Kurz bevor sich der Tross in Bewegung setzt, sind noch nicht viele Menschen vor Ort. Das Briefing der Klimabewegung für die Organisatoren ist deutlich: «Wir sind friedlich, wir bleiben friedlich», sagt der Wortführende. Wenn jemand etwas kaputt mache, solle man ihn darauf aufmerksam machen oder stoppen, sagt er.

Um 14 Uhr radelten doch noch viele an den Treffpunkt an der Berner Fabrikstrasse 8 ein. Eine Armee aus Fahrrädern formiert sich. Als einer beginnt, die Klingel zu betätigen, tun es ihm einige nach, das Geklingel ist laut.

Der Umzug startet kurz nach 14 Uhr. Via Länggassstrasse bewegt sich die Demonstration zum Bollwerk, weiter über die Lorrainebrücke und auf der Viktoriastrasse bis zur Kornhausbrücke. Durch die Altstadt und am Bundeshaus vorbei fahren die zahlreichen Teilnehmenden weiter bis zum Kocherpark. Dort kommen die Velos nach und nach um ca. 15.15 Uhr zum Stillstand.

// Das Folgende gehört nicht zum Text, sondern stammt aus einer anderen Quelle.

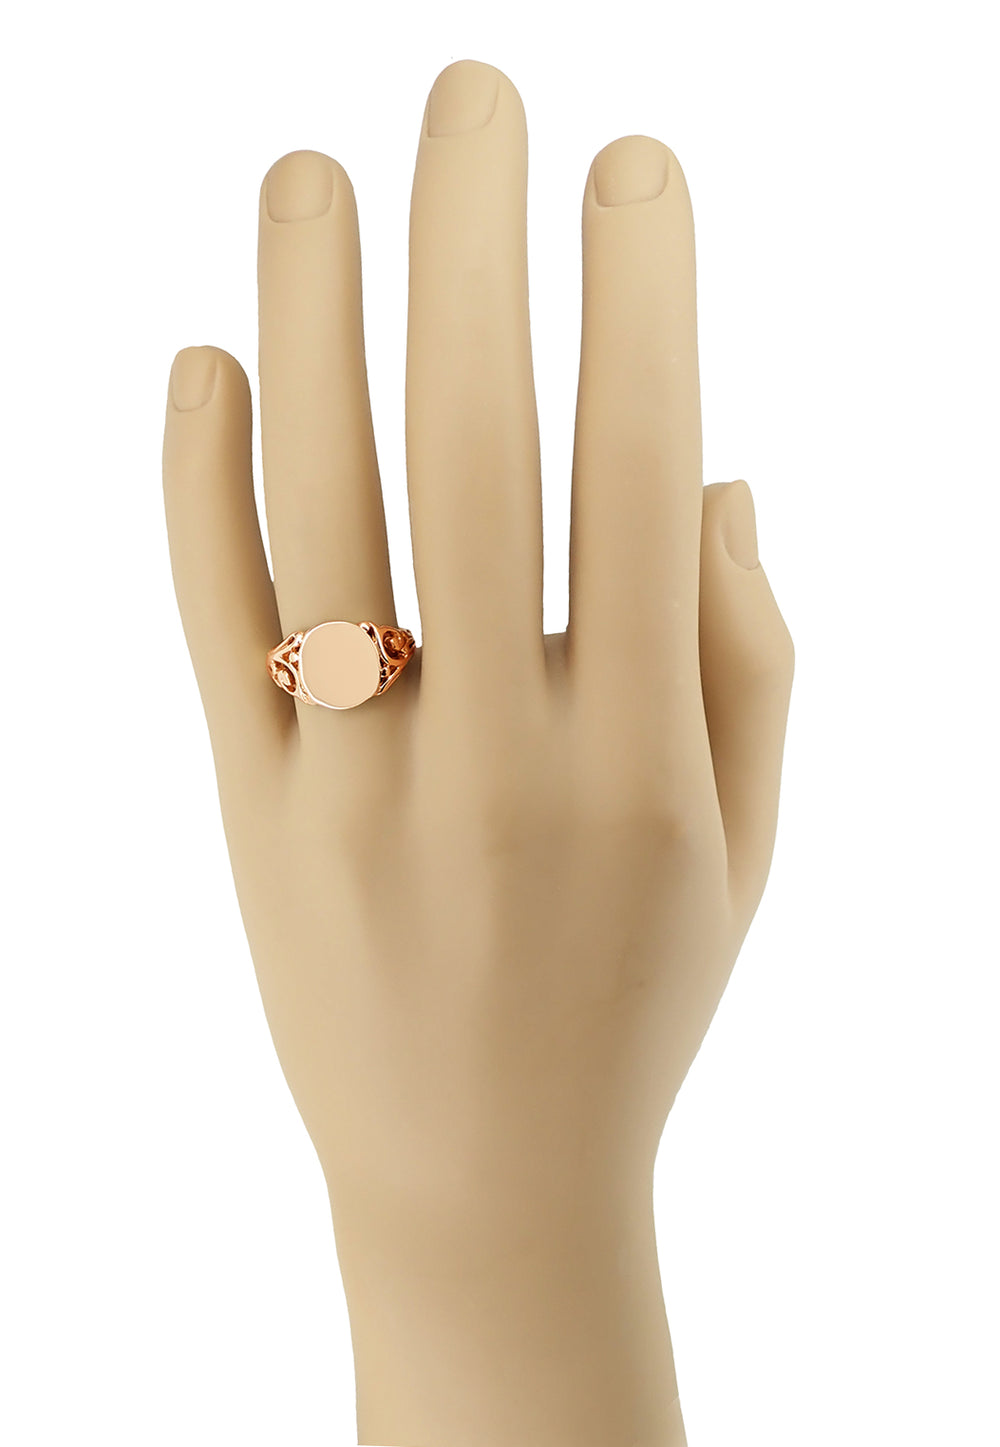 Antique Style Men's Victorian Filigree Signet Ring in 14 Karat Rose ( Pink ) Gold - Item: MR111R - Image: 2

An der Länggassstrasse finden sich auch einige Autofahrer, die in die Hauptstrasse einbiegen wollten. Sie haben das Nachsehen. Auch Personen, die mit dem öffentlichen Verkehr unterwegs sind, mussten sich am Samstag etwas gedulden.

Der Spuk war allerdings relativ rasch vorbei, der Tross bewegt sich zügig zum Treffpunkt Kocherpark. Die Demonstrierenden wollen noch bis 19 Uhr Musik und Workshops anbieten.

Thunberg als Auslöserin

Die Klimastreikbewegung Schweiz sieht sich als dezentrale Jugendbewegung. Laut eigenen Angaben ist sie basisdemokratisch organisiert. Die Bewegung gibt an, «weder an eine Partei noch an eine Organisation» gebunden zu sein.

Die Bewegung entstand Ende 2018. Auslöserin war Greta Thunberg, eine damals 16-jährige Klimaaktivistin aus Schweden. In einer Rede an einer UNO-Konferenz in Polen griff sie die Politiker wegen ihrer Klimapolitik scharf an. Das Video verbreitete sich viral im Netz, woraufhin sich auch in der Schweiz viele Jugendliche zu organisieren begannen.